Celiac Disease is an autoimmune disease and is also known as Gluten-Sensitive Enteropathy (with "Entero" referring to the small intestine, and "Pathy" referring to the disease). Before we continue, let me quickly talk about Gluten because, to date, I still see a lot of Gluten free stamps or writing on packs of food items sold in the grocery store. What is Gluten? Gluten is composed of two proteins biologically known as Gliadin and Glutenin. Gluten is found in most of the grains eaten like Wheat, Barley, and Rye. There have been different papers on Gluten but first, let me talk about the negative effects of gluten. It is said to cause Celiac disease, which is the autoimmune disease we are talking about now. Another condition with gluten is having a gluten/grain allergy but this is very rare. Another condition that made the papers a lot is Gluten Intolerance where people who eat gluten-containing food experience bowel-related issues and symptoms such as Diarrhea, constipation, Bloating, and Cramping.
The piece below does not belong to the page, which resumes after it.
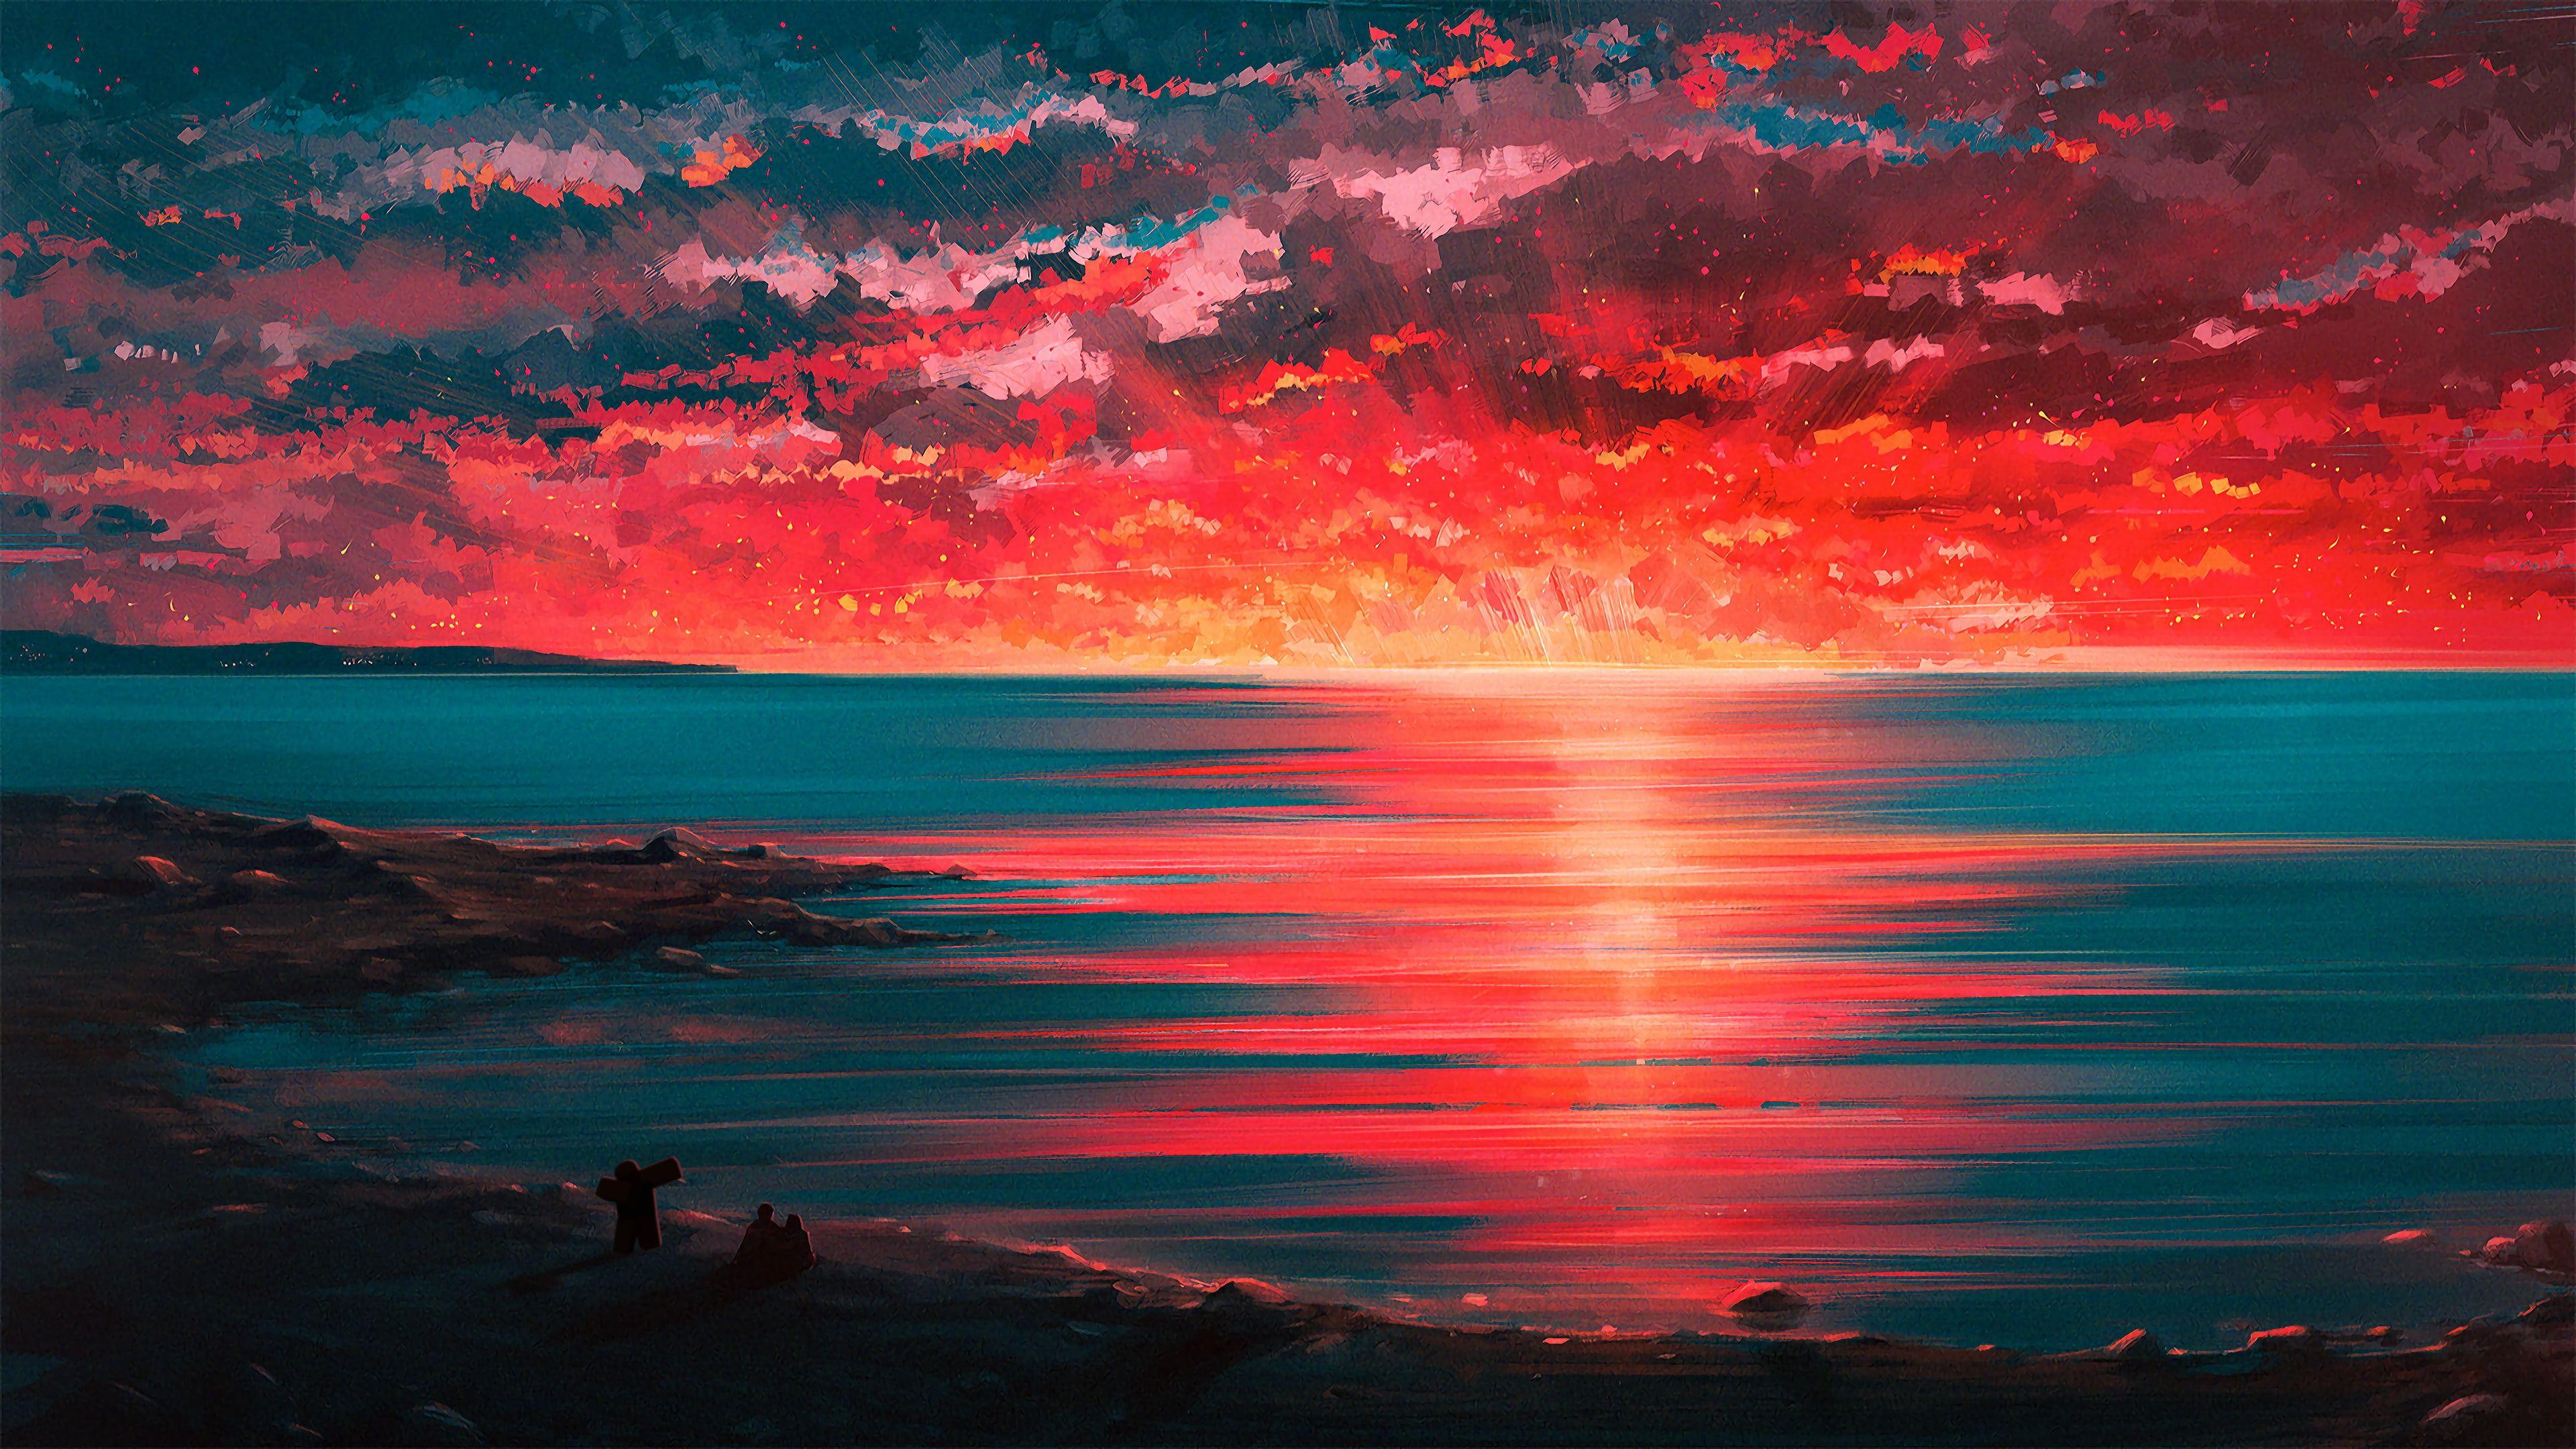 4k Speed Paint Beach Digital Art Sunset Horizon Couple Seaside 4k Wallpaper Hdwallpaper Desktop In 2020 Sunset Painting Art Art Wallpaper

Gluten Intolerance condition became a thing when a paper titled "[Gluten Causes gastrointestinal symptoms in subjects without celiac disease: a double-blind randomized placebo-controlled trial" was published in the American Journal of Gastroenterology (but I picked my reference from pubmed.ncbi.nlm.nih.gov) and the paper was attributing gut symptoms and tiredness to gluten but it changed again in 2013 when another paper was released by the same Peter R Gibson who published the first research then published another research which was a follow-up, and it was titled "No Effect of Gluten in Patients With Self-Reported Non-Celiac Gluten Sensitivity After Dietary Reduction of Fermentable Poorly Absorbed Short-Chain Carbohydrates." which showed that FODMAPs were responsible for these symptoms and not Gluten". So we cannot say that Gluten causes those symptoms but patients with Celiac Disease should completely avoid Gluten.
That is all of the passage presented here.